Congenital Syphilis

The manifestations of congenital syphilis are variable and include asymptomatic disease, spontaneous abortion, intrauterine growth restriction, neonatal disease, and neonatal death.

The fetus is usually infected transplacentally, and congenital infection rarely occurs before the fourth month of gestation. Congenital infection is most likely to be acquired in the setting of maternal early syphilis; however, it has been documented at any stage of syphilis.

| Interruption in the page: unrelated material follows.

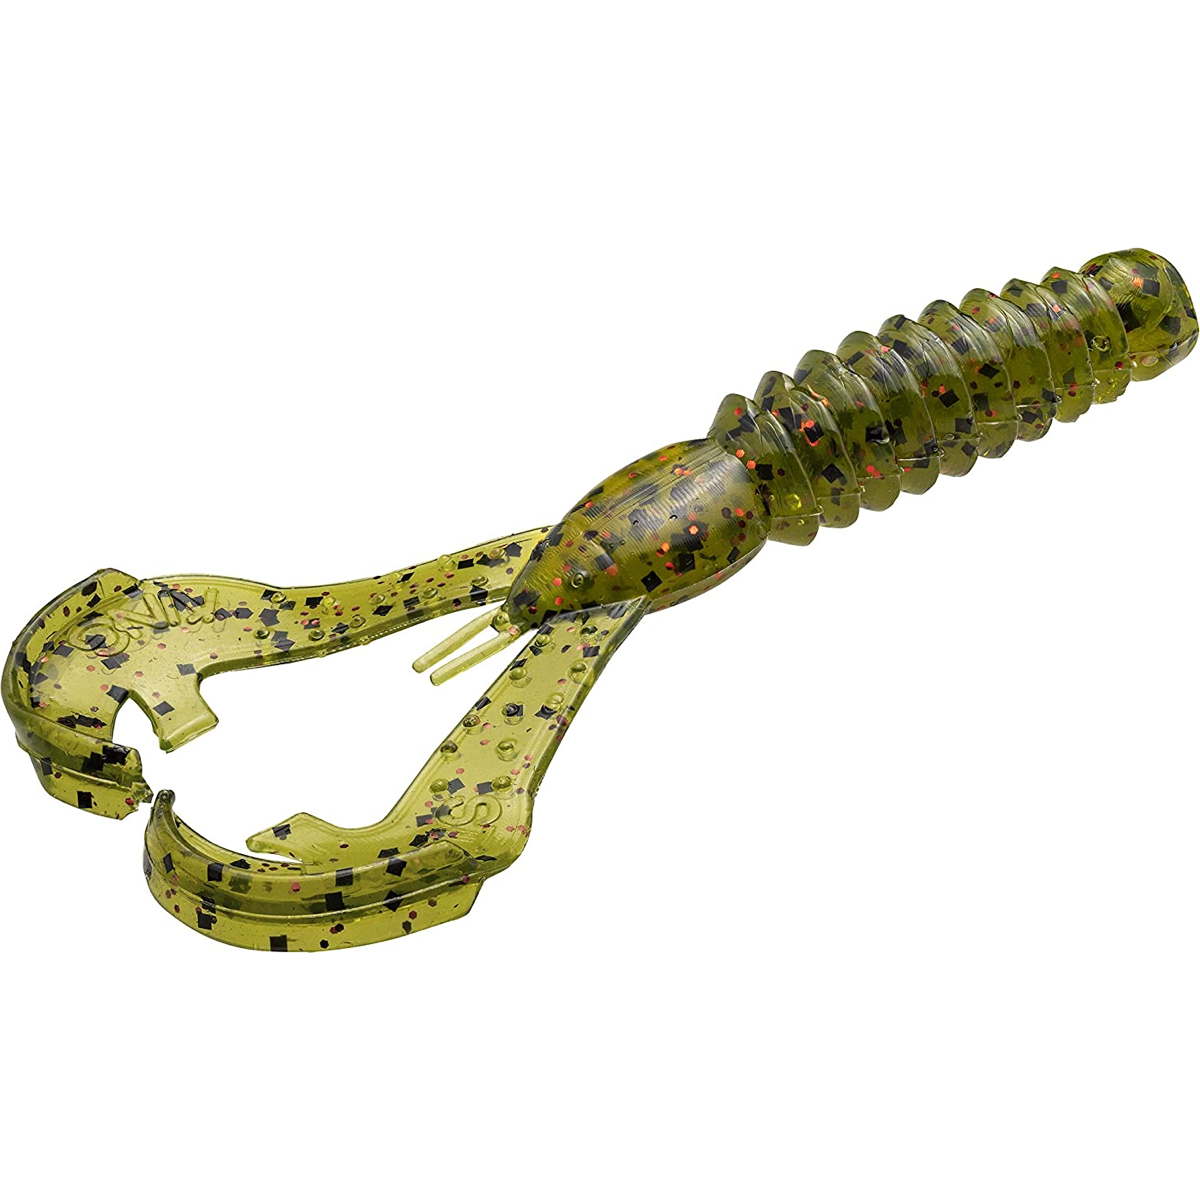 Photo of Strike King Rage Ned Craw for sale at United Tackle Shops.

Some of the classic features of neonatal disease include rhinitis (snuffles), which typically occurs early in the course of the disease, as well as rash, hepatitis, splenomegaly, and perichondritis or periostitis. Untreated neonates who survive neonatal syphilis enter a latent period. The perichondritis and periostitis can lead to deformities of the nose (saddle nose) and of the metaphyses of the lower extremities (saber shin). Other late manifestations of congenital syphilis include peg-shaped central incisors (Hutchinson’s teeth), frontal bossing, and recurrent arthropathy (Figure 60-9).

Prevention and early detection of congenital syphilis depend on routine screening of pregnant women for syphilis. All pregnant women should be screened at the first prenatal visit. Women who are at high risk for syphilis infection should be screened again in the third trimester and at delivery (see diagnostic approach).